[Stored data entries]
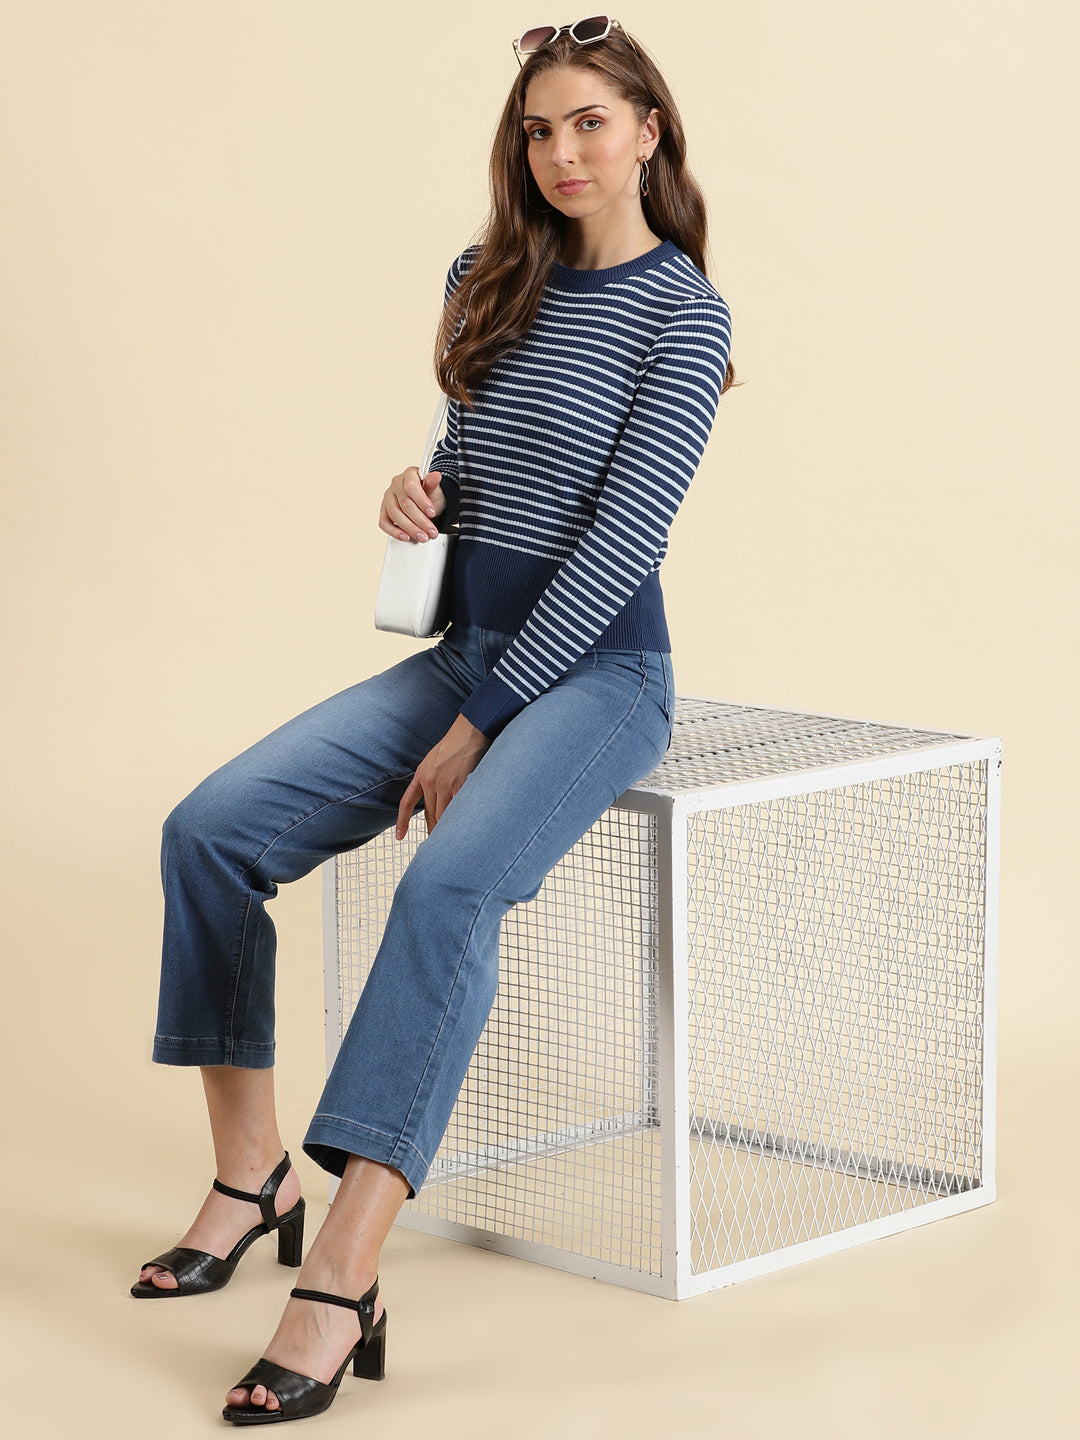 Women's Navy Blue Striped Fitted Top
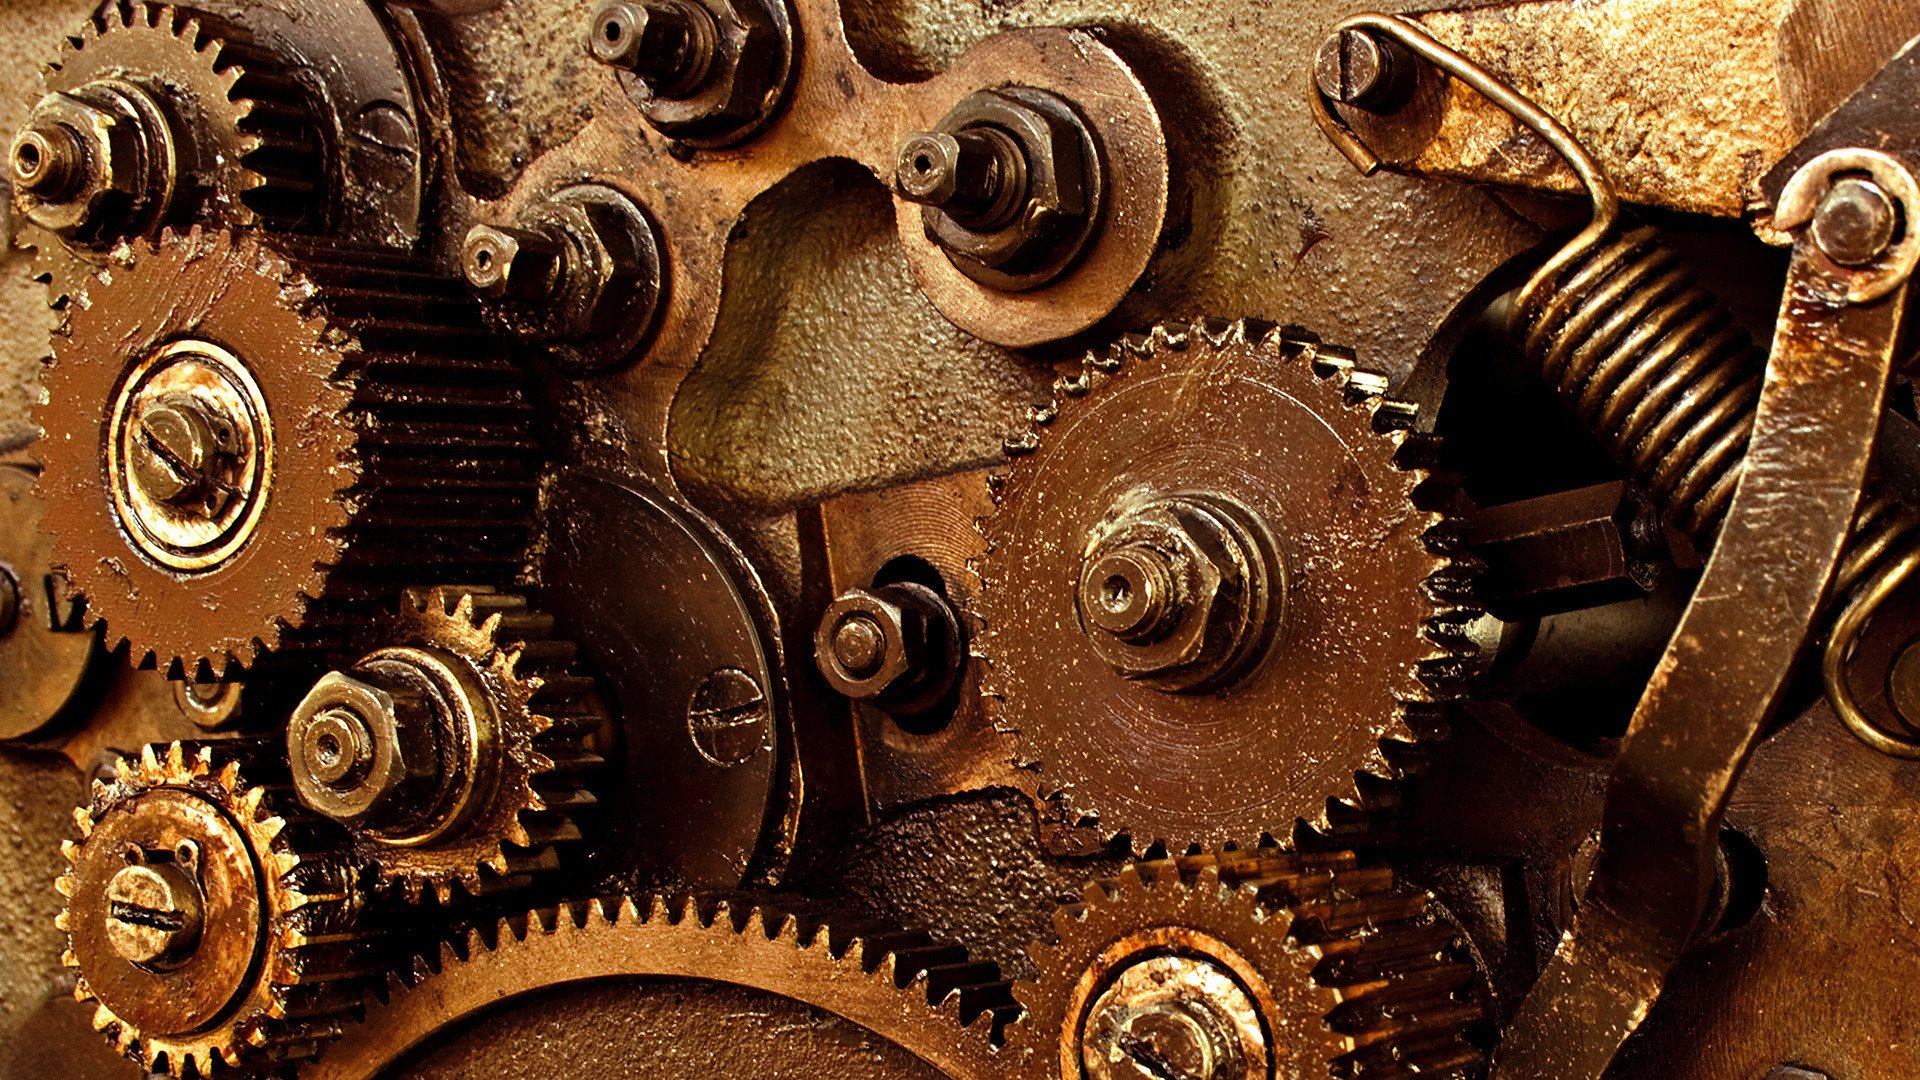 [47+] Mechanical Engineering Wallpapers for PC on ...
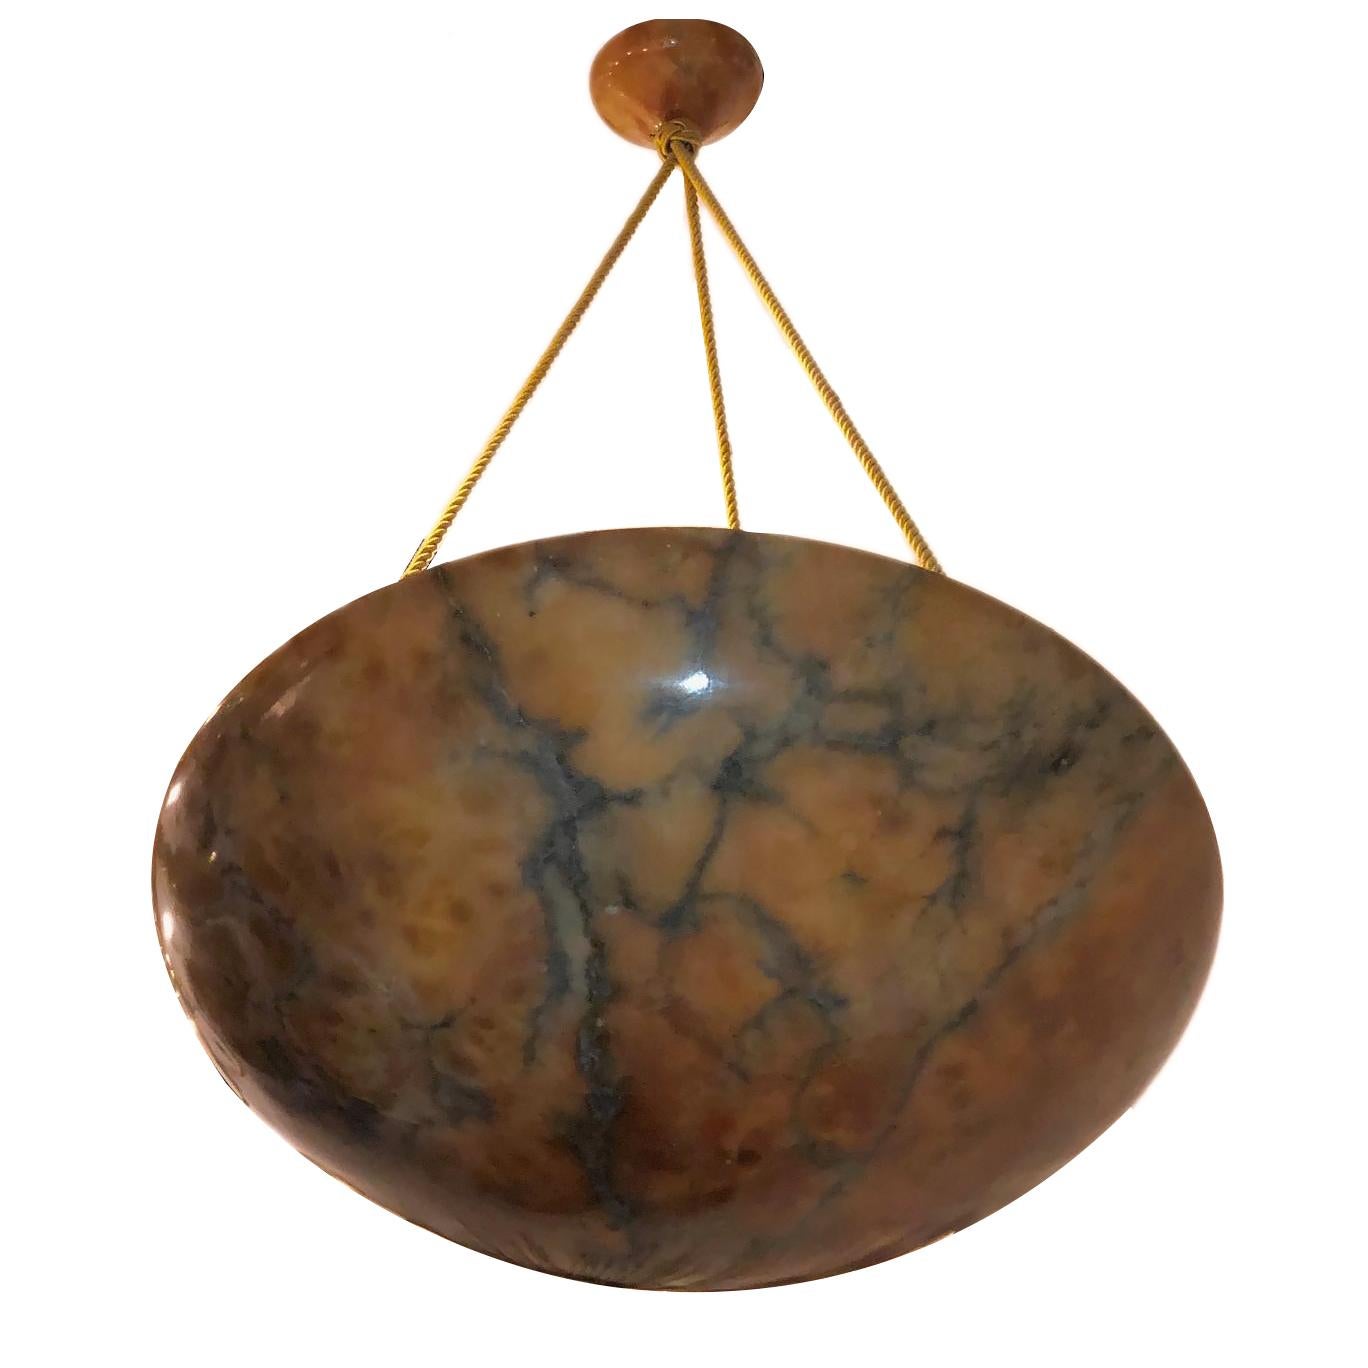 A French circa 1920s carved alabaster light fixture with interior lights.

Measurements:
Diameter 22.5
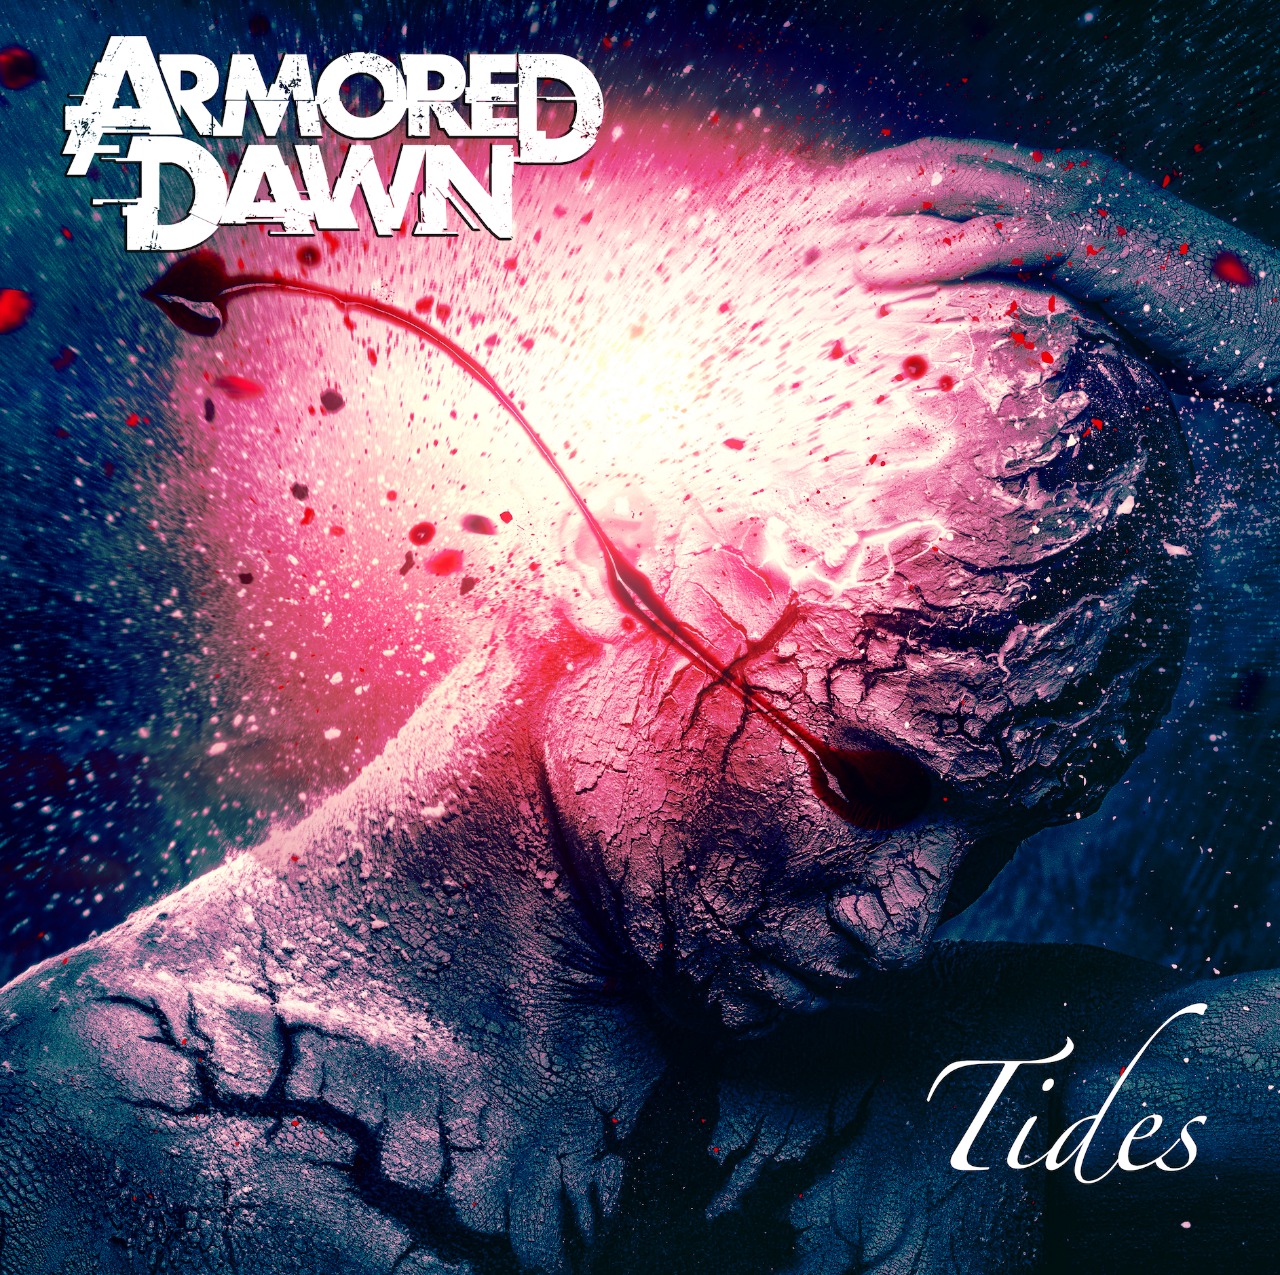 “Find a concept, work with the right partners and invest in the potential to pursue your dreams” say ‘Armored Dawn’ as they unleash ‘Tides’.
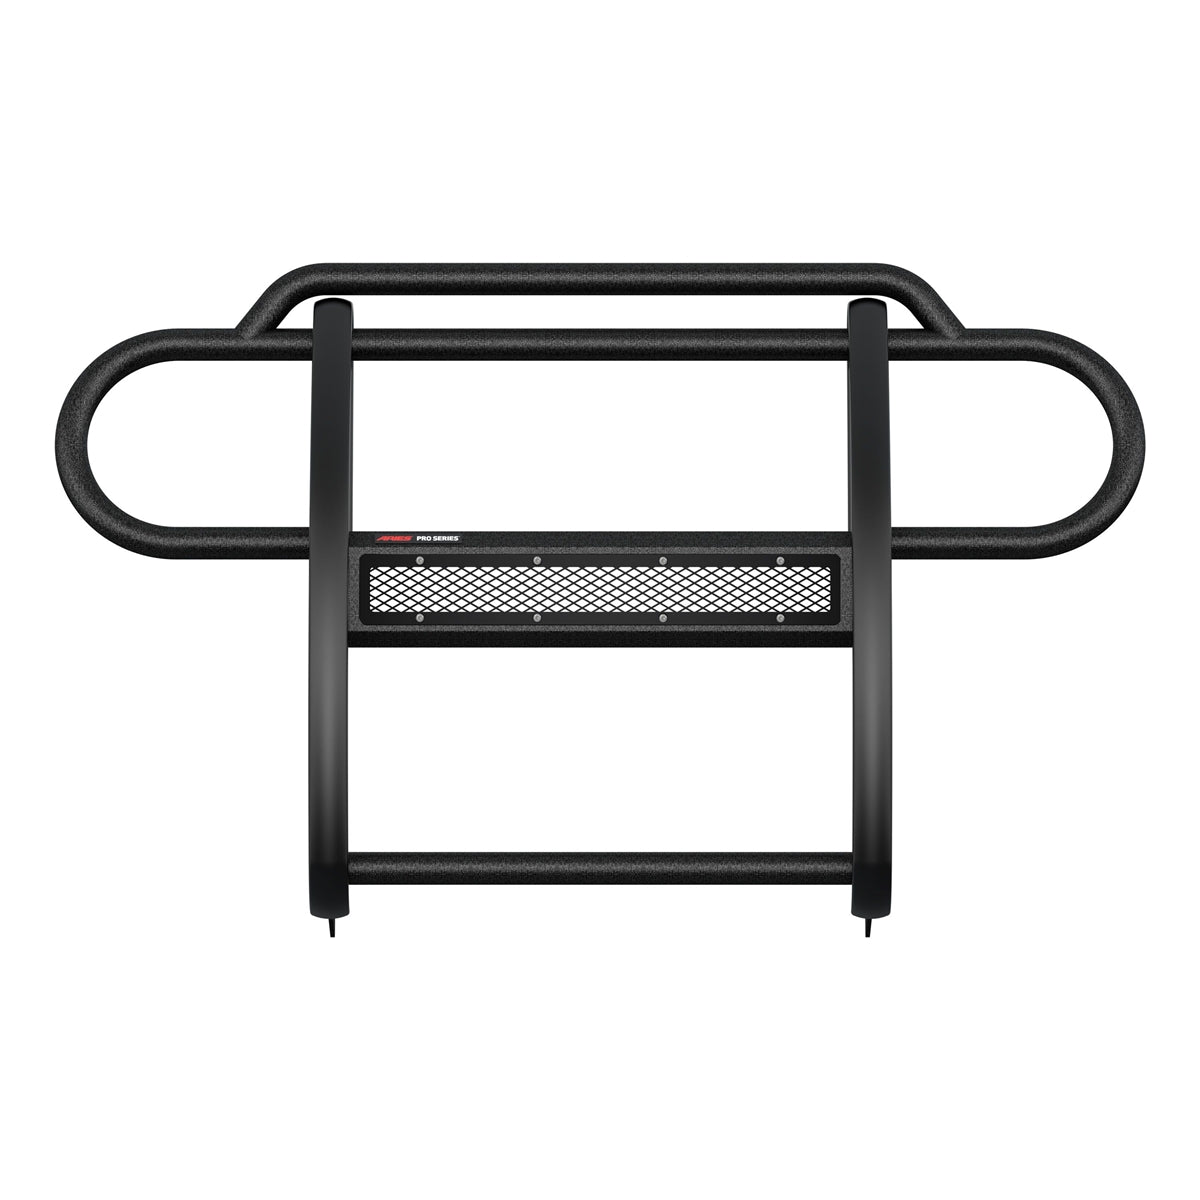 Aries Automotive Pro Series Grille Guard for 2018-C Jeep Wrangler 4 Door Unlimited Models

=== Work to be completed ===
For this exercise, transcribe the entries verbatim and skip all pictures.

=== The completed task ===
 Women's Navy Blue Striped Fitted Top
 [47+] Mechanical Engineering Wallpapers for PC on ...
 A French circa 1920s carved alabaster light fixture with interior lights.

Measurements:
Diameter 22.5
 “Find a concept, work with the right partners and invest in the potential to pursue your dreams” say ‘Armored Dawn’ as they unleash ‘Tides’.
 Aries Automotive Pro Series Grille Guard for 2018-C Jeep Wrangler 4 Door Unlimited Models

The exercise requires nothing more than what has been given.